This is documentation about the cursor handling, not about the cursor rendering!

Generally, a CursorRec gets allocated only once and used multiple times to save memory. Two functions are responsible for allocating cursors: AllocCursorARGB() and AllocGlyphCursor(). The matching Xlib functions would be XCreateCursor() and XCreateGlyphCursor().

The CursorRec contains a number of things, we will focus on the refcnt here. The refcnt is used to track how many instances of the cursor are used and to avoid freeing memory too early. The refcnt is increased when

  1. a client gets a reference to a cursor
  2. a window uses the cursor
  3. a pointer uses the cursor
  4. a pointer uses the cursor as part of a grab.

When you create a cursor, it will have a refcnt of 1 (the client has a reference to it after all). Each time you use Xlib's XDefineCursor() or XChangeWindowAttributes(), the window obtains a reference to the cursor and increases the refcnt. And each time the pointer passes into a window that has a cursor set, ChangeToCursor() will change the pointer's cursor and increase the refcnt. Using the cursor for a sprite does NOT change the refcnt!

The refcnt is decreased in FreeCursor(). When the refcnt hits 0, the memory for the cursor is freed. Make sure that when you call FreeCursor(), nothing in your codepath references the address anymore. The usual way to do this is something like

  CursorPtr pOldCursor = device->spriteInfo->sprite->current;
  device->spriteInfo->sprite->current = NULL;
  FreeCursor(pOldCursor, 0);

The value of pOldCursor is undefined after FreeCursor().

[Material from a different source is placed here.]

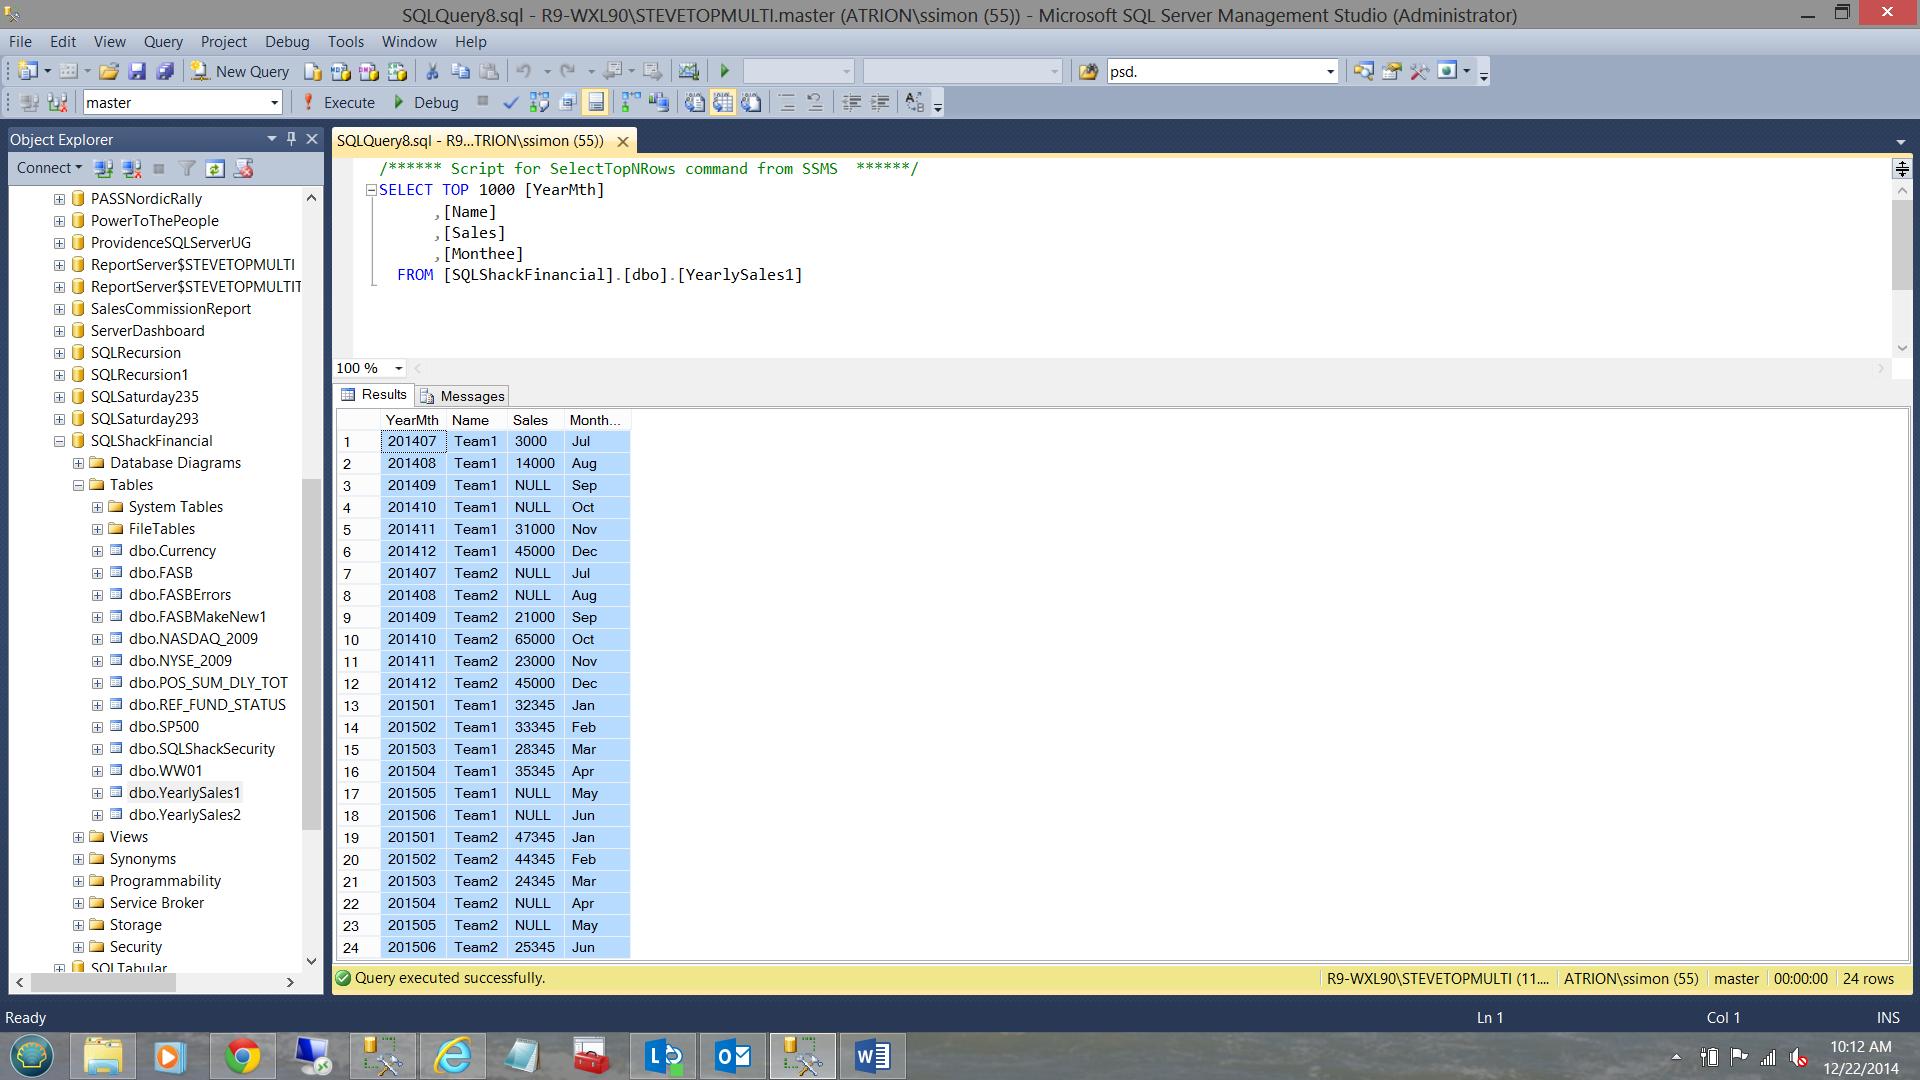 SQL Server安全机制–如何控制用户能够在报告中查看哪些数据1

FreeCursor() is called from several points. Each time the cursor leaves a window, CheckMotion() call PostNewCursor(), which may call ChangeToCursor(). When the client issues a FreeCursor request. Each time a window changes the cursor (ChangeWindowAttributes()). When a grab with a cursor is deactivated. And on CloseDownClient(), when all the resources are freed for the client. And quite a few more.

Animated cursors

Animated cursors are part of the XRender extension. All they are is a list of standard cursors with a delay between them. The memory is a standard CursorRec, with an AnimCursorRec and several AnimCursElt attached to the end of the struct. The latter two contain the CursorRec that make up the animated cursor's frames. Animated cursors are identified with a special pattern in the CursorRecs bits field. See AnimCursorCreate().

So for an animated cursor with 3 frames, the memory looks something like this.

[     CursorRec          ][ AnimCursorRec ][AnimCursElt][AnimCursElt][AnimCursElt]
                                              |             |            |
[     CursorRec          ] <-------------------             |            |
[     CursorRec          ] <---------------------------------            |
[     CursorRec          ] <----------------------------------------------

Each cursor that is used in an animated cursor has the refcnt increased, and likewise decreased via FreeCursor() when the animated cursor is deleted. If a window or pointer uses a animated cursor, they use the animated cursor struct, never directly any of the cursors that make up the frames.

X uses a BlockHandler to do stuff when nothing else needs to be done. Such as redrawing mouse cursors. The animated cursor code adds itself to the block handler and AnimCurScreenBlockHandler() is called regularly.

Display of an animated cursor uses set of static variables in animcur.c. The currently displayed animated cursor is saved, and each time the block handler is called, it checks

  • whether the current cursor is an animated cursor.
  • if so, if the timeout for the next frame has passed already
  • if so, display the next frame
  • if so, save the timeout for the next frame in the static struct
  • update wakeup handler to wake up for next timeout.